___ Supplied entries ___
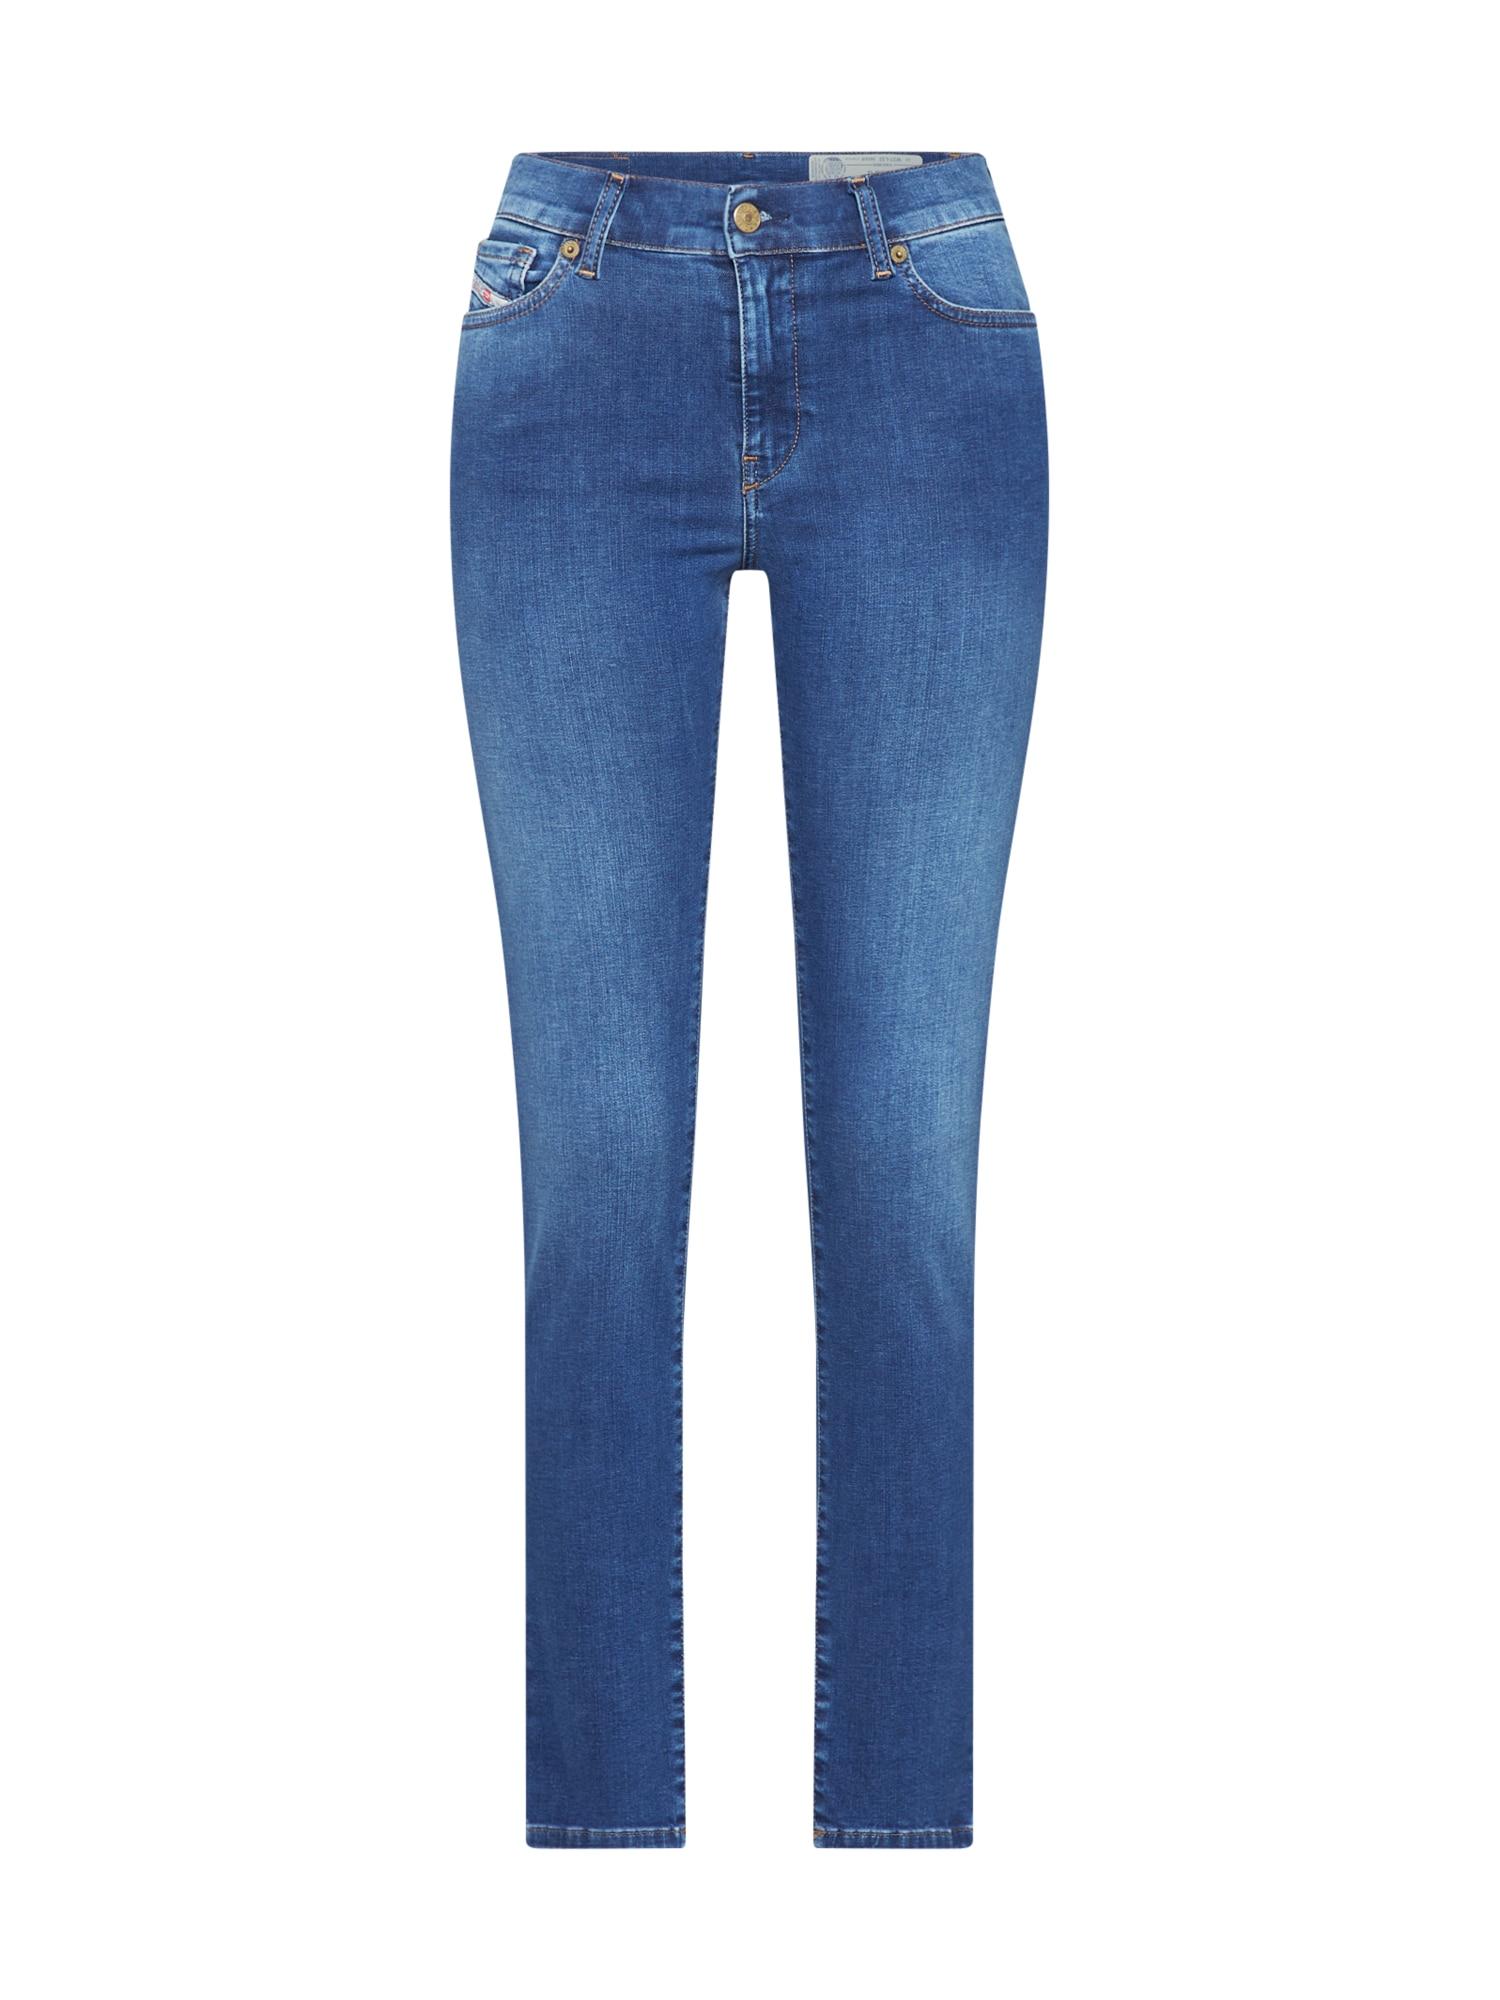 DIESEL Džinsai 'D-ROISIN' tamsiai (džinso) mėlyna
___
___ Supplied entries ___
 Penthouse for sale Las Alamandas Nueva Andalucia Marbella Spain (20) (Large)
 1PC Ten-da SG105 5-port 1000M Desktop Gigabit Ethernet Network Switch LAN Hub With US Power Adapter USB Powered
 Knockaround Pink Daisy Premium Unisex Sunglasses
___
**Your goal**
Every line from the line containing "Penthouse for sale" through the line containing "Knockaround Pink Daisy" in the records above must be retyped exactly. Leave out the rest.

**Output of the task**
 Penthouse for sale Las Alamandas Nueva Andalucia Marbella Spain (20) (Large)
 1PC Ten-da SG105 5-port 1000M Desktop Gigabit Ethernet Network Switch LAN Hub With US Power Adapter USB Powered
 Knockaround Pink Daisy Premium Unisex Sunglasses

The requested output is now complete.